:: ABOUT THIS EXERCISE ::
For each record that follows, restate the text exactly and drop the pictures.

[Items listed in a dataset]
=======

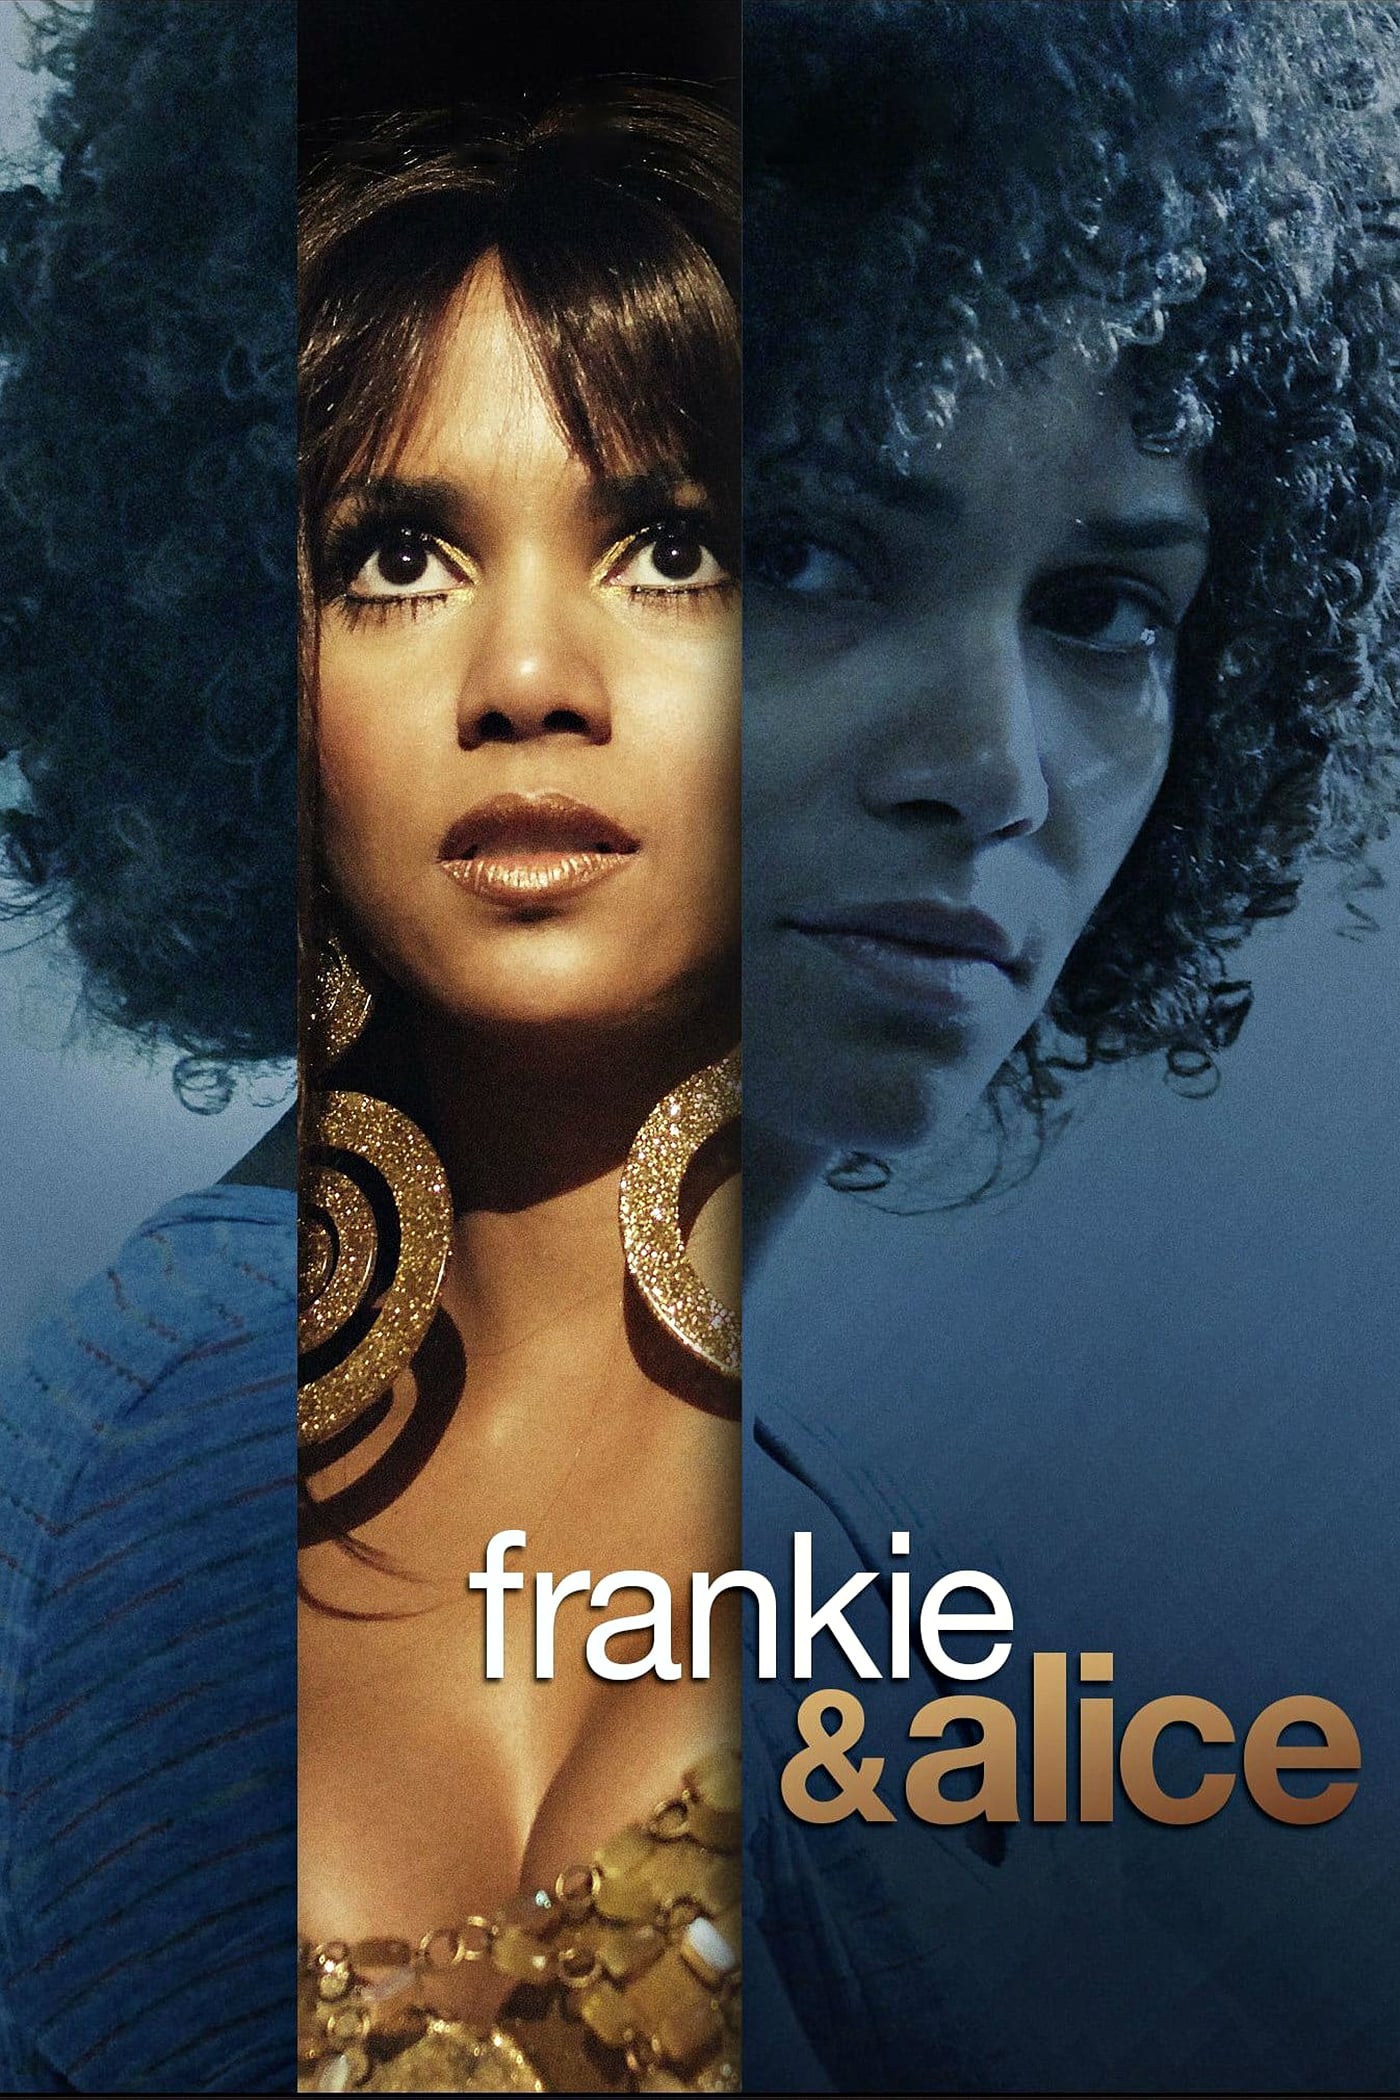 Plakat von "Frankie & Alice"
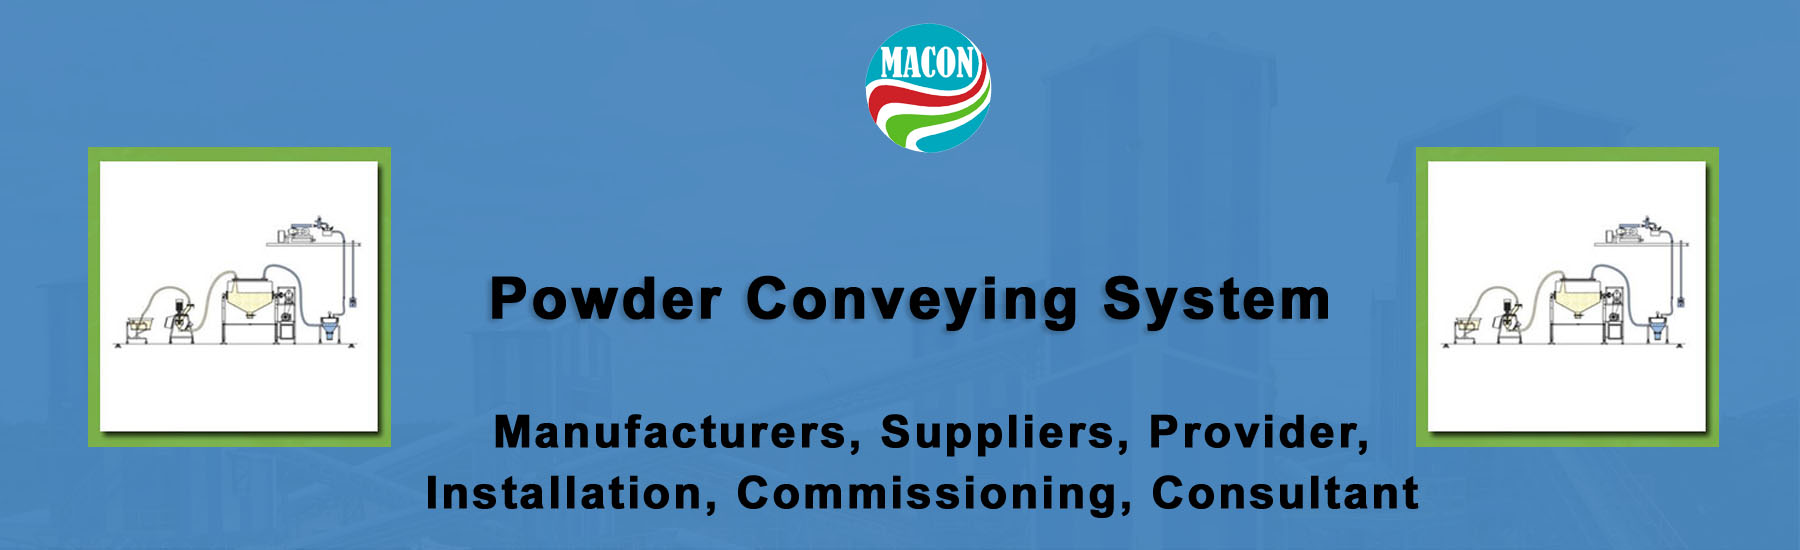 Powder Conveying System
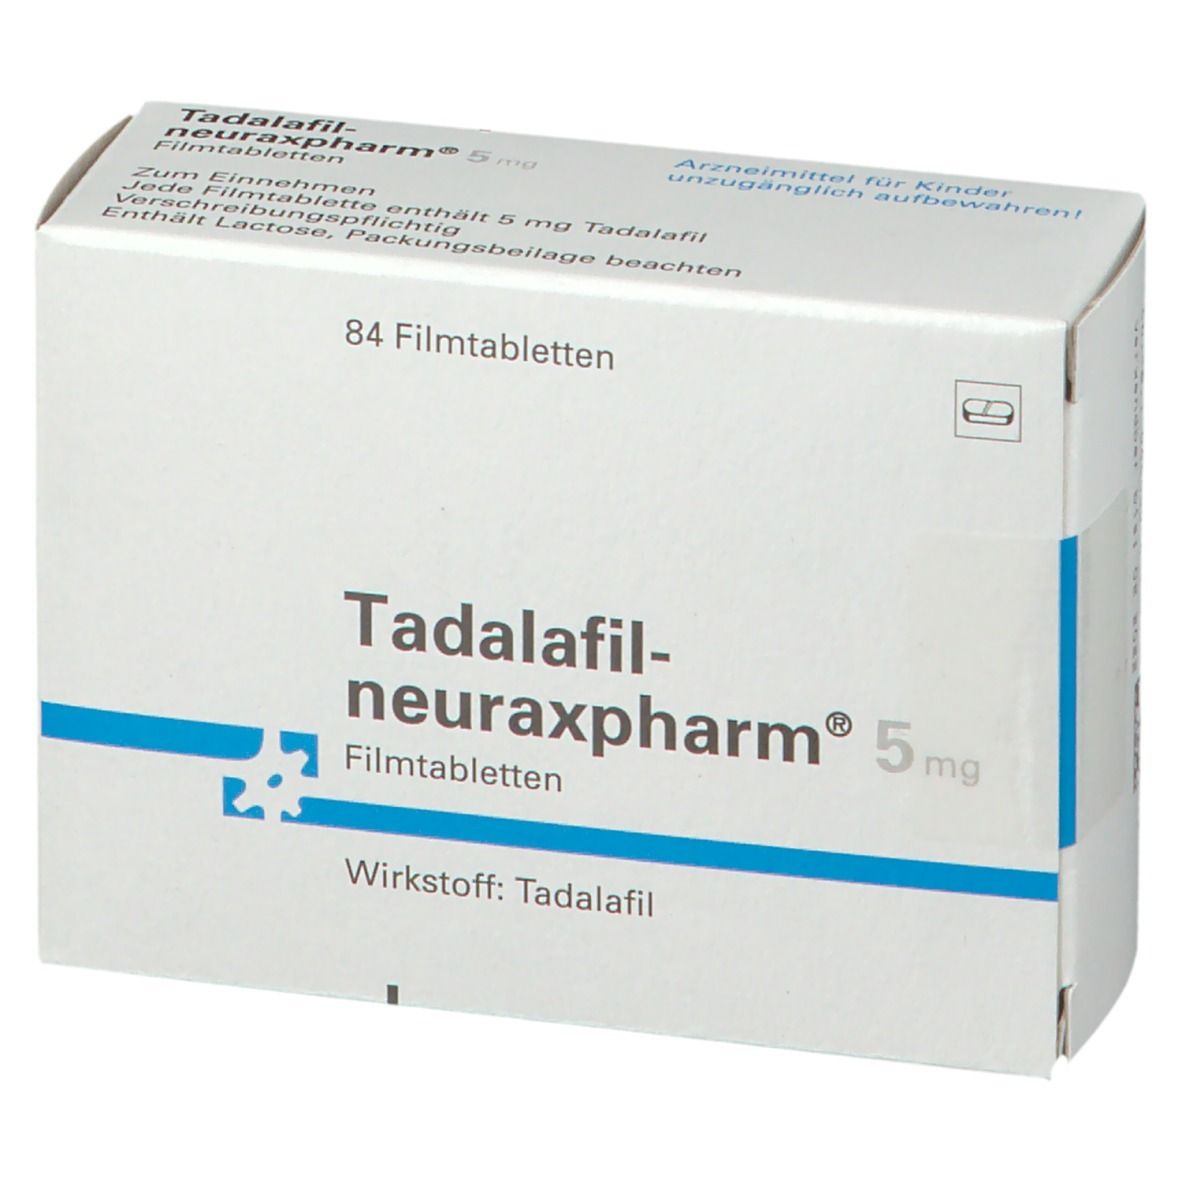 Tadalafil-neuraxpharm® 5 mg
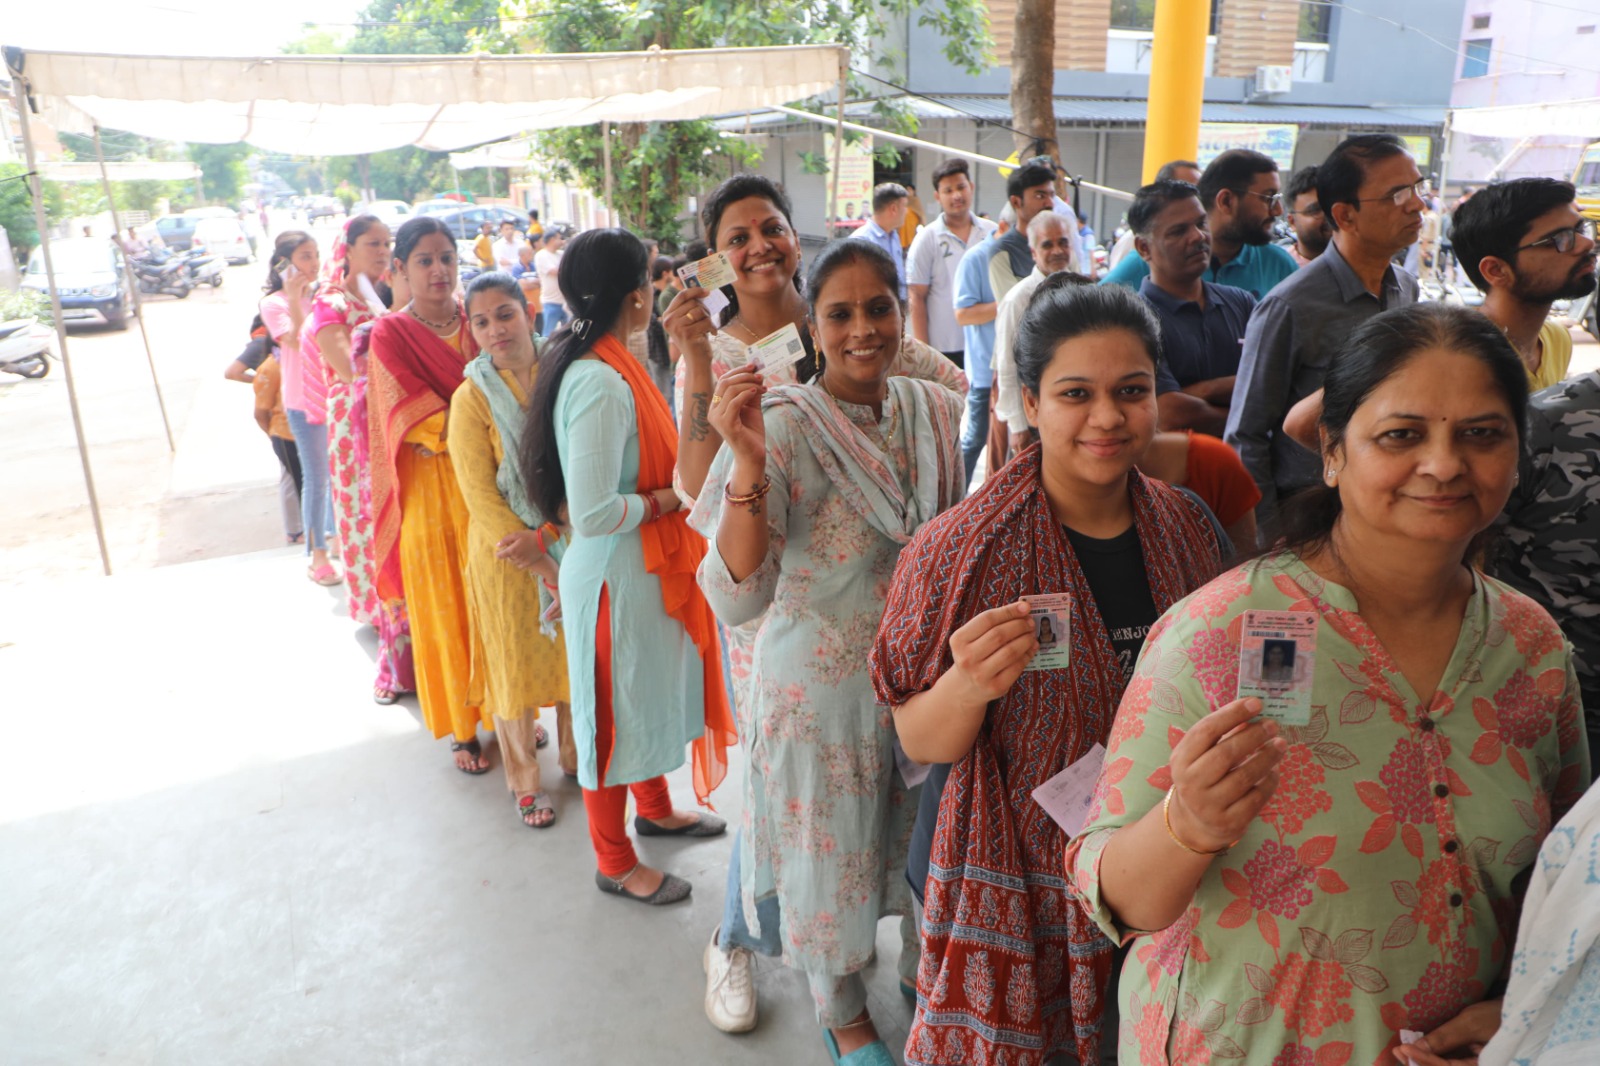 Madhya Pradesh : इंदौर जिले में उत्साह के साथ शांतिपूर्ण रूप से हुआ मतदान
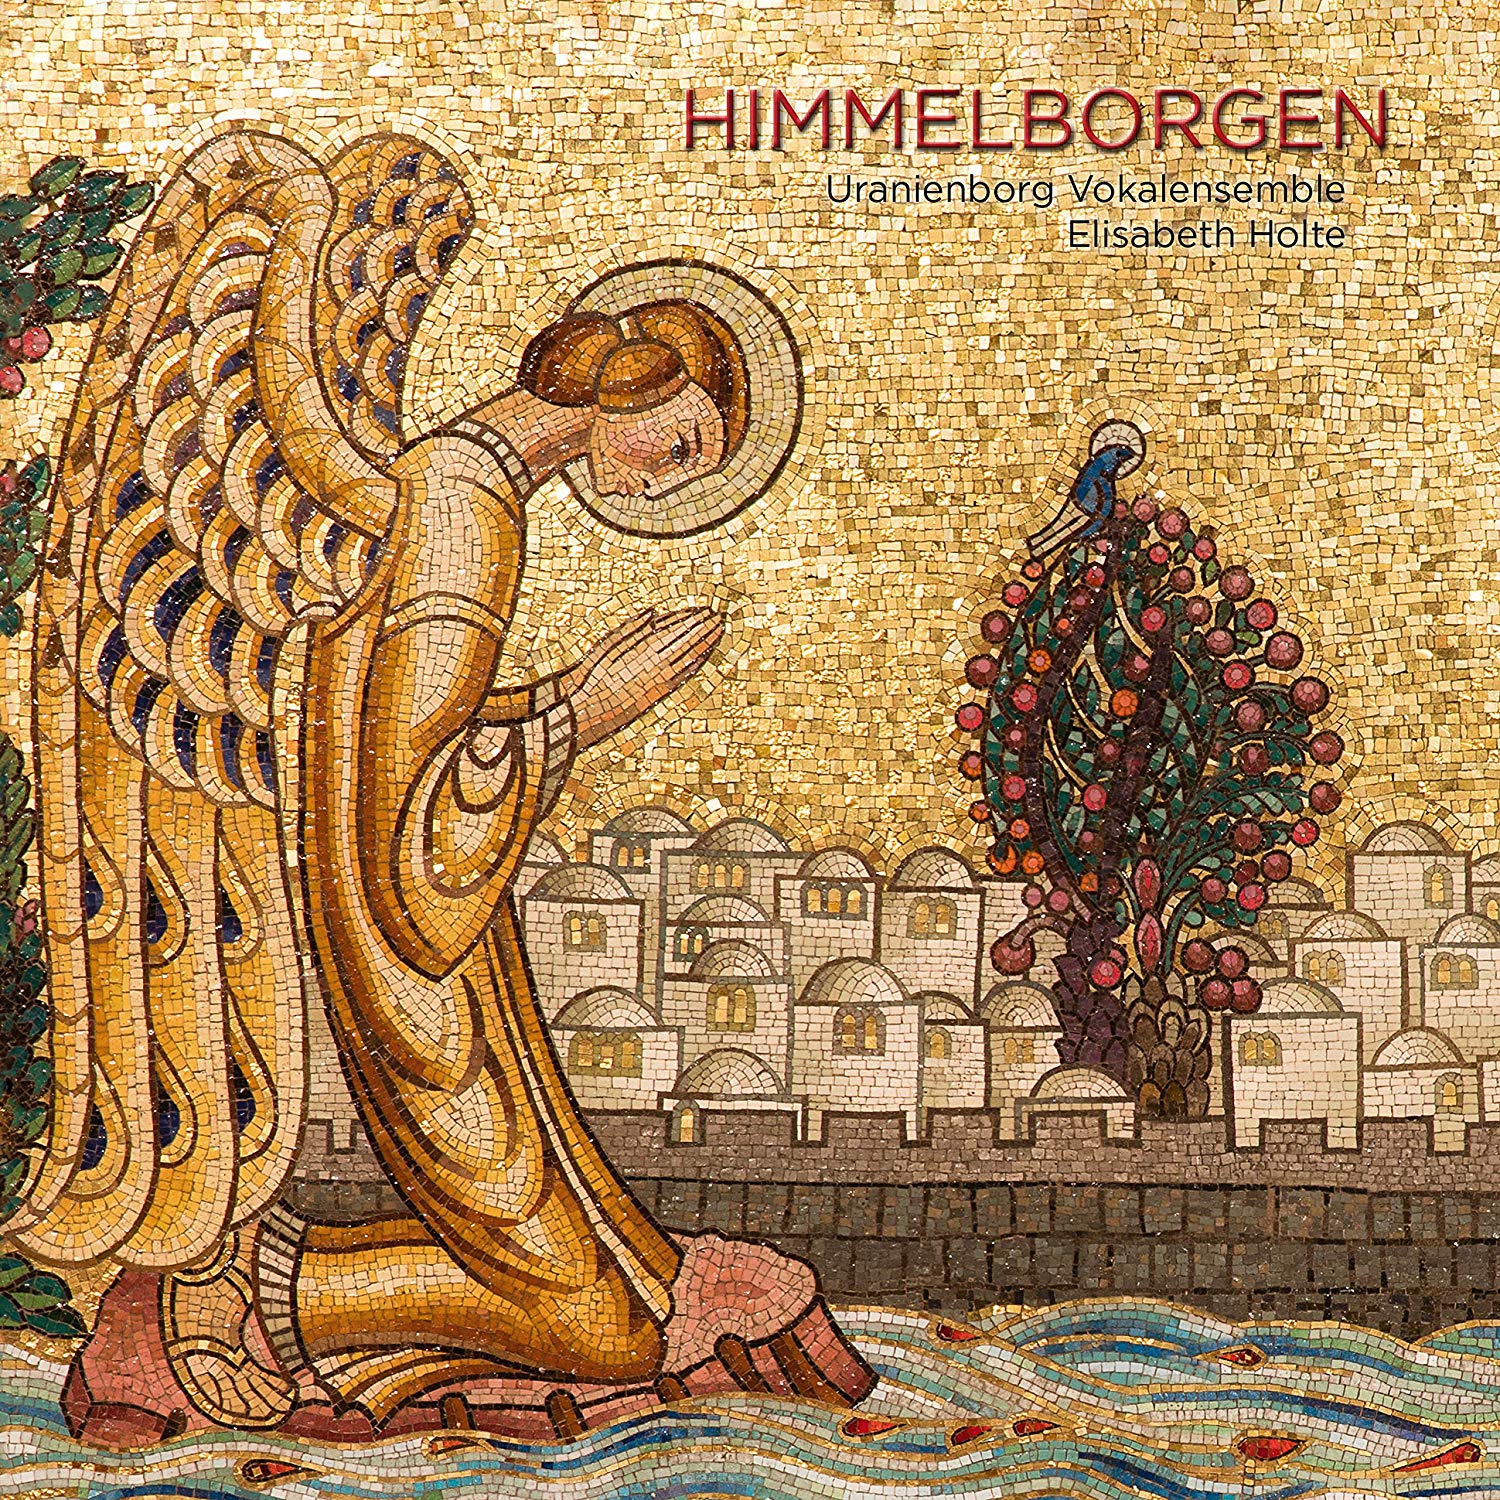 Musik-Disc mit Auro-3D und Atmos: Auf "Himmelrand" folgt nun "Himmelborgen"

=======

:: RESPONSE AREA ::
 Plakat von "Frankie & Alice"
 Powder Conveying System
 Tadalafil-neuraxpharm® 5 mg
 Madhya Pradesh : इंदौर जिले में उत्साह के साथ शांतिपूर्ण रूप से हुआ मतदान
 Musik-Disc mit Auro-3D und Atmos: Auf "Himmelrand" folgt nun "Himmelborgen"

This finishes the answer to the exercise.